This article is a preview from the Spring 2019 edition of New Humanist

deal from Old Frisian “dela” (to divide, distribute) and Old English “dæl” (a part of a whole, a share)

This must be one of the media’s most repeated words of the last two years. Amongst the Germanic tribes that settled in what is now England were the Frisians, who had been living in what is now Holland. They used a word sounding like “deal” and by the year 800, Anglo-Saxon scribes used it to mean a “part” or an “amount” of something. Around 888 AD King Alfred translated the philosopher Boethius into Old English. In his translation is the phrase “tweȝen dælas” meaning, “two deals” or two parts.

In Shakespeare’s Twelfth Night (formally written down in 1623), we find: “O what a deale of scorne, lookes beautifull? In the contempt and anger of his lip”. Here, the “deal” really means “a large amount”.

From at least the 13th century, you could use the word “deal” in the phrase “no deal” but this didn’t refer to, let’s say, leaving a discussion with no agreement. It could mean “by no means” or “not at all”. Alongside this, it came into card-playing and we find Jonathan Swift in 1729 talking of “the Deal, the Shuffle and the Cut” in a game of cards. By the early 1800s, the word was being used in a slangy way to mean a “bargain” or a “transaction”. In the sequel to Tom Brown’s Schooldays, we find “He wanted to have a deal with me for Jessy . . .” (a horse). From the 1860s, in American English, the word “deal” was a way of talking about political agreements with a hint that they were suspect.
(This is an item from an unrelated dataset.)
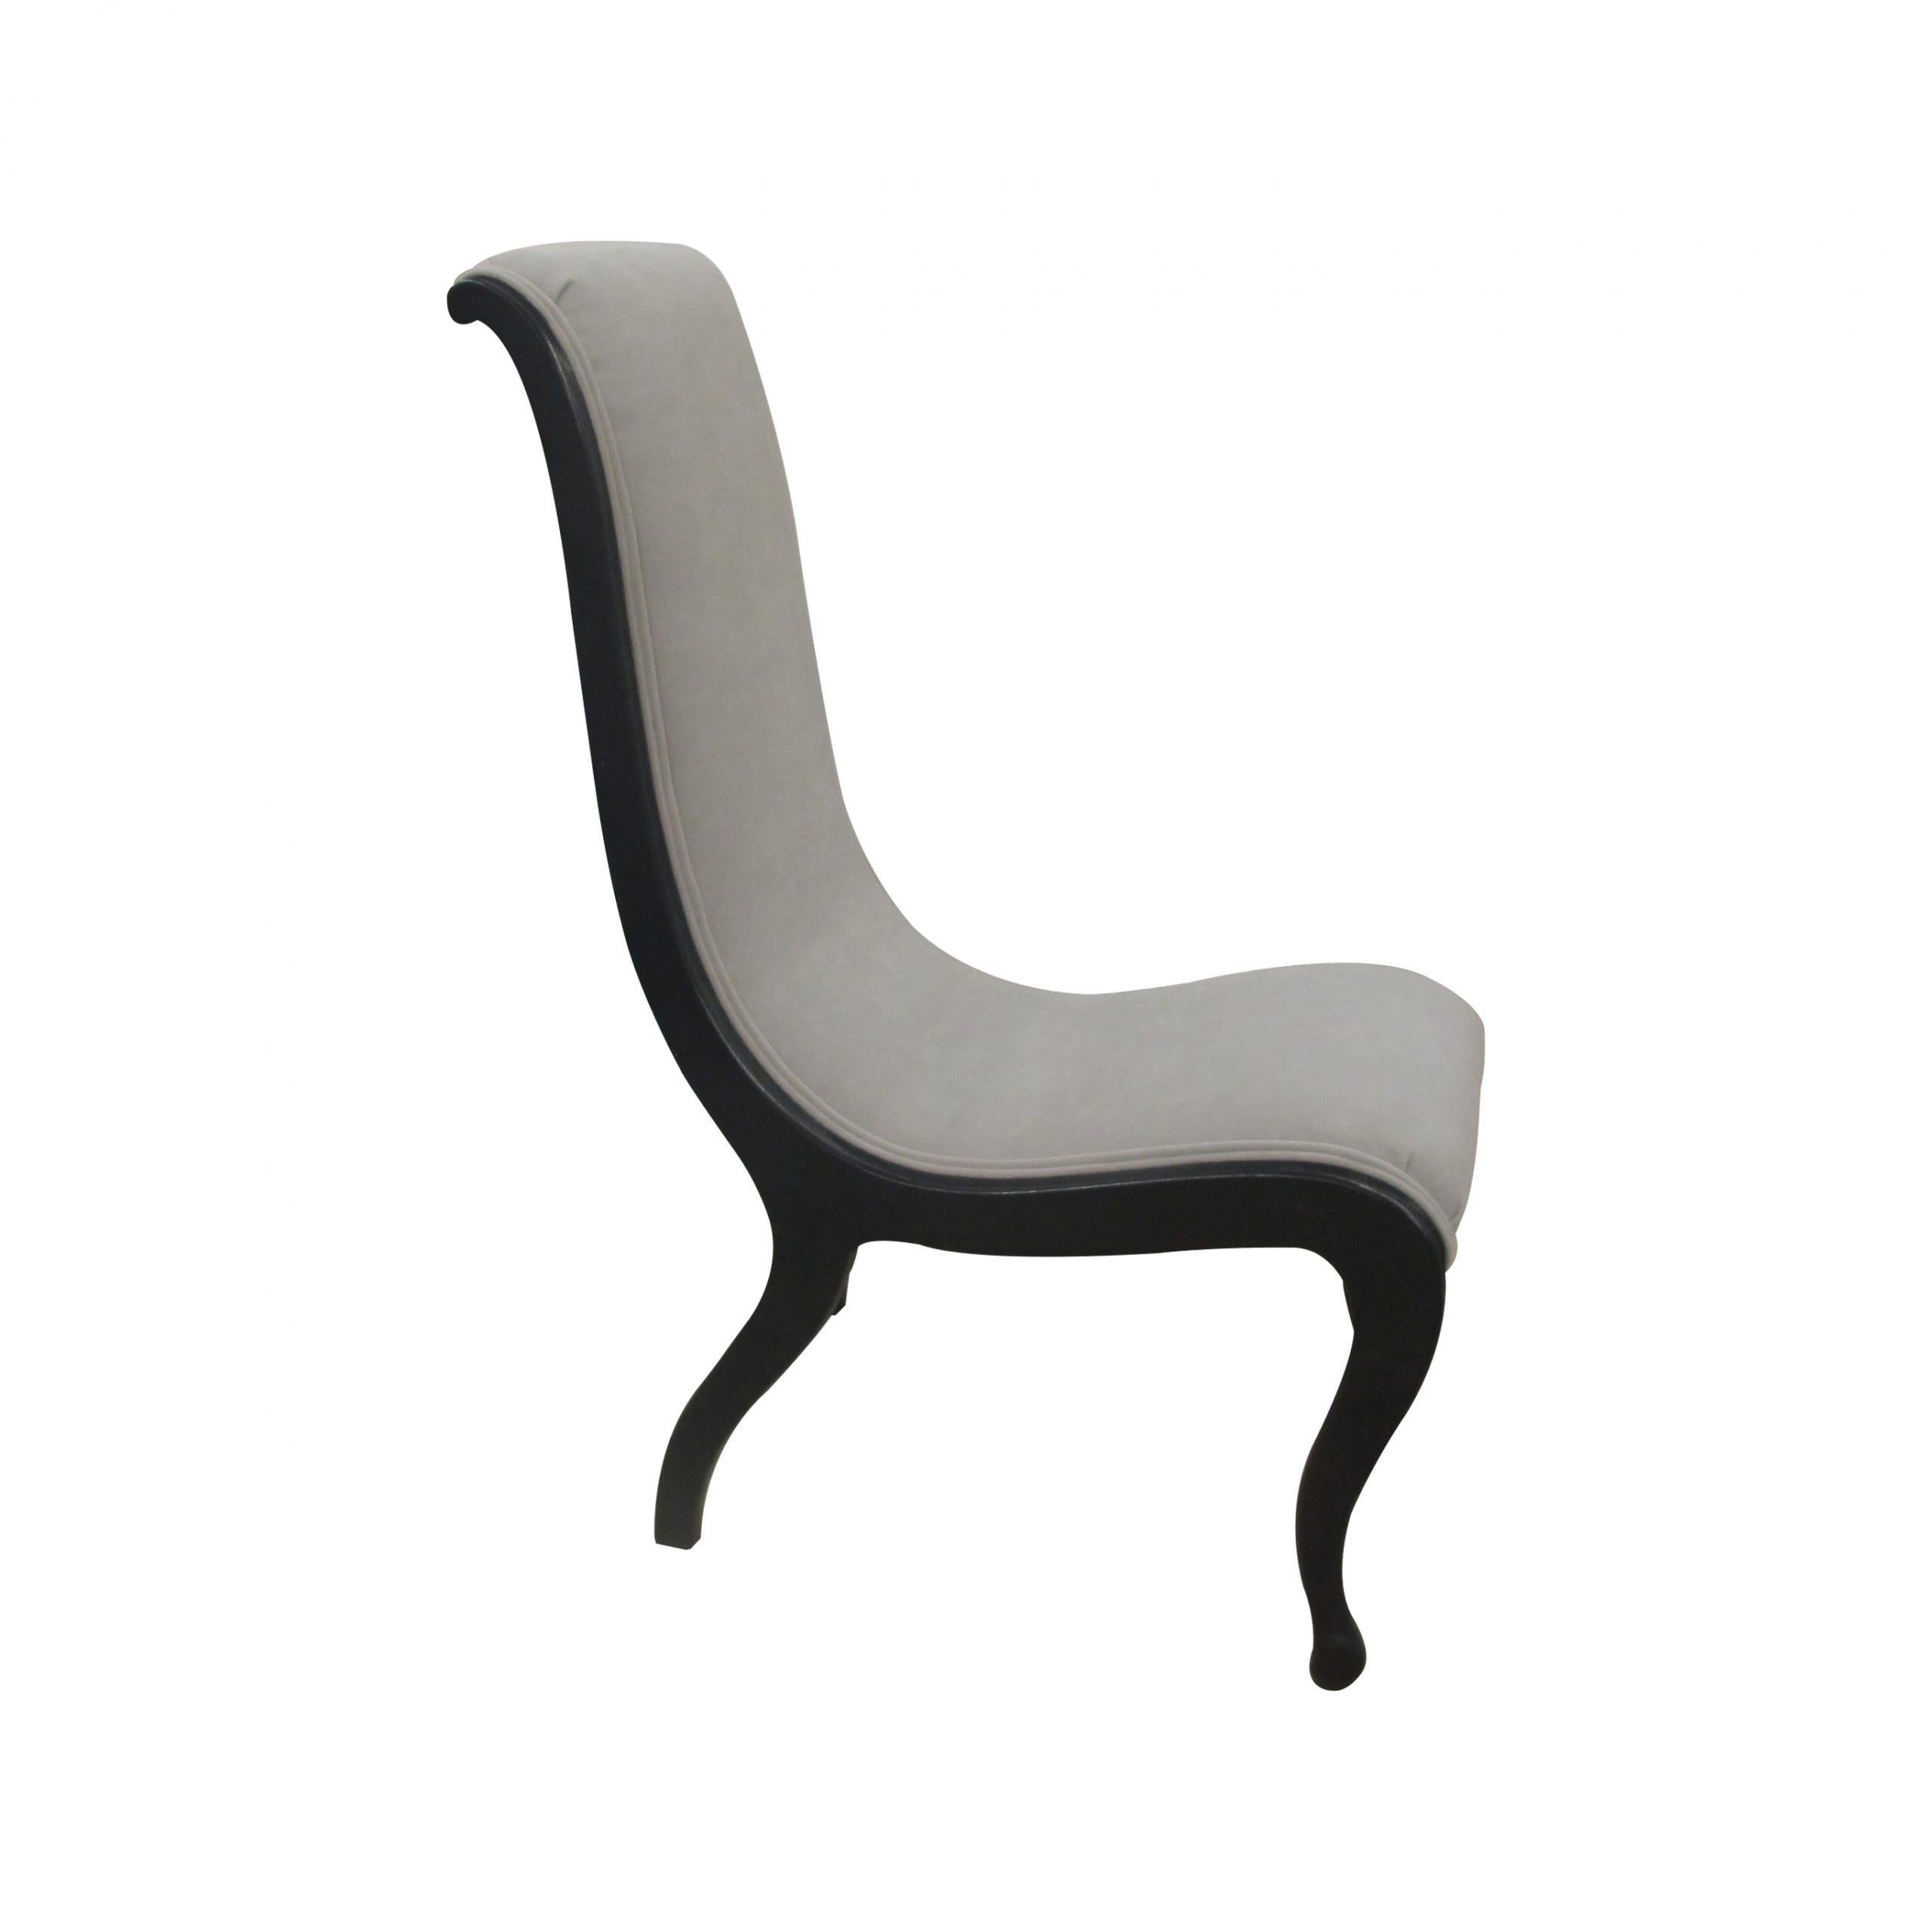 This is a very elegant and versatile swan neck chair with a beautiful black curved frame, Swedish circa 1930s. The chair has been newly upholstered in a suede-like washable fabric. 

Size: H95 cm x W50 cm x D75 cm

That’s all “deal” as a noun. So when did “deal” become a verb? Or was it the other way round? It’s hard to say, because we can find it being used in the Old English Bible (some of which goes back to the 7th century) as a verb. One of the great flexibilities of English usage is that anyone who has ever spoken English has been able switch around the functions of the words.

Clearly, a deal or no deal with the EU will be described as “historic”. People won’t be referring to the long history of the word itself, but it’s amusing to think that its first users in England had themselves come from the other side of the Channel.